Rev. Bras. Cienc. Avic. vol.17 no.3 Campinas jul./set. 2015

http://dx.doi.org/10.1590/1516-635x1703399-404 

Articles

NEW OCCURANCE OF AVIAN ENCEPHALOMYELITIS IN BROILER - IS THIS AN EMERGING DISEASE?

Freitas ES deI 

A BackI 

IMercoLab Laboratórios Ltda Brazil


ABSTRACT

Avian encephalomyelitis is caused by an Hepatovirus and primarily affects chickens. Chickens of all ages are susceptible to the virus, but the nervous symptoms are manifested only in young chicks, between one to five weeks of age. During the last thirty years, avian encephalomyelitis appeared to be well controlled by breeder vaccination. However, the increase of the number of cases is causing concern in the poultry industry. In the present study, we performed a retrospective analysis of the cases presenting histological lesions compatible with avian encephalomyelitis in broilers. The evaluated cases affected broilers from one to 35 days old from the southern region of Brazil. Only cases with compatible microscopic lesions and associated with clinical symptoms in the field were considered. In addition the histopathological diagnosis, sera were tested by ELISA (Enzyme-Linked Immunosorbent Assay). Considering the clinical, histopathological, and serological evidences, the disease was confirmed, showing an increase in outbreaks from the last quarter of 2012, extending through 2013. The cause of this increase is not clear, although we suspect vaccine or vaccination error. Enhancing vaccinated breeders flocks monitoring before the beginning of egg production and/or using a protocol with two vaccinations is recommended.
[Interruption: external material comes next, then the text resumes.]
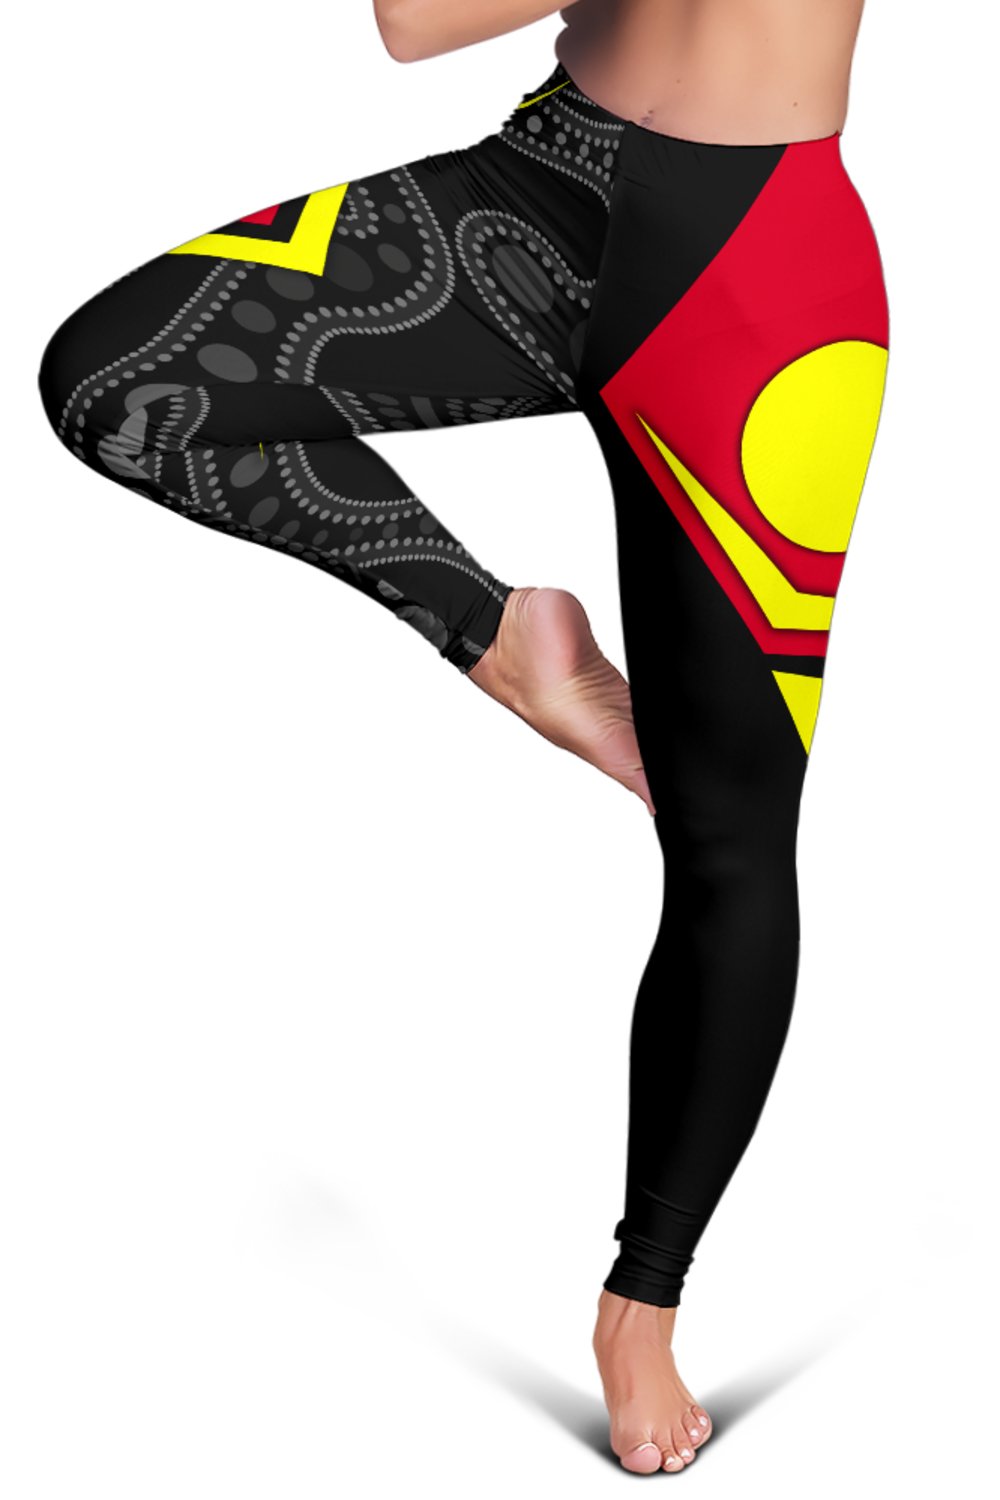 aboriginal-leggings-indigenous-legend

Keywords: Reemerging; disease; young chickens; virus

INTRODUCTION

Avian encephalomyelitis is an infectious disease of poultry caused byHepatovirus, belonging to the genusEnterovirus. Chickens are primarily affected, but turkeys and other species of birds have also been reported as natural hosts (Calnek, 2008; Vilarreal, 2009). The transmission of the virus is both vertical and horizontal. Vertical transmission tends to cause higher losses because day-old chicks are affected. This happens when breeders with no immunity are infected during the egg production period and transmit the virus to progeny. The virus is horizontally transmitted by the ingestion of feed, litter, or contaminated water (Back, 2010; Calnek, 2008, Calnek, 1998). In this case, the disease is less severe and tends to affect older chickens.

Although poultry of all ages are susceptible, under natural conditions, symptoms are manifested only in chicks from one to three weeks of age. The clinical signs are predominantly neurological and are variable. Chicks show ataxia, incoordination, paralysis, and prostration (Back, 2010). Fast tremors, particularly in the head and neck, are the classic clinical sign of the disease (Martins & Silva, 2009). Surviving birds may become blind due to corneal opacity. According to Taylor et al. (1955), breeder hens may present egg production drop; however, they do not develop neurological clinical signs.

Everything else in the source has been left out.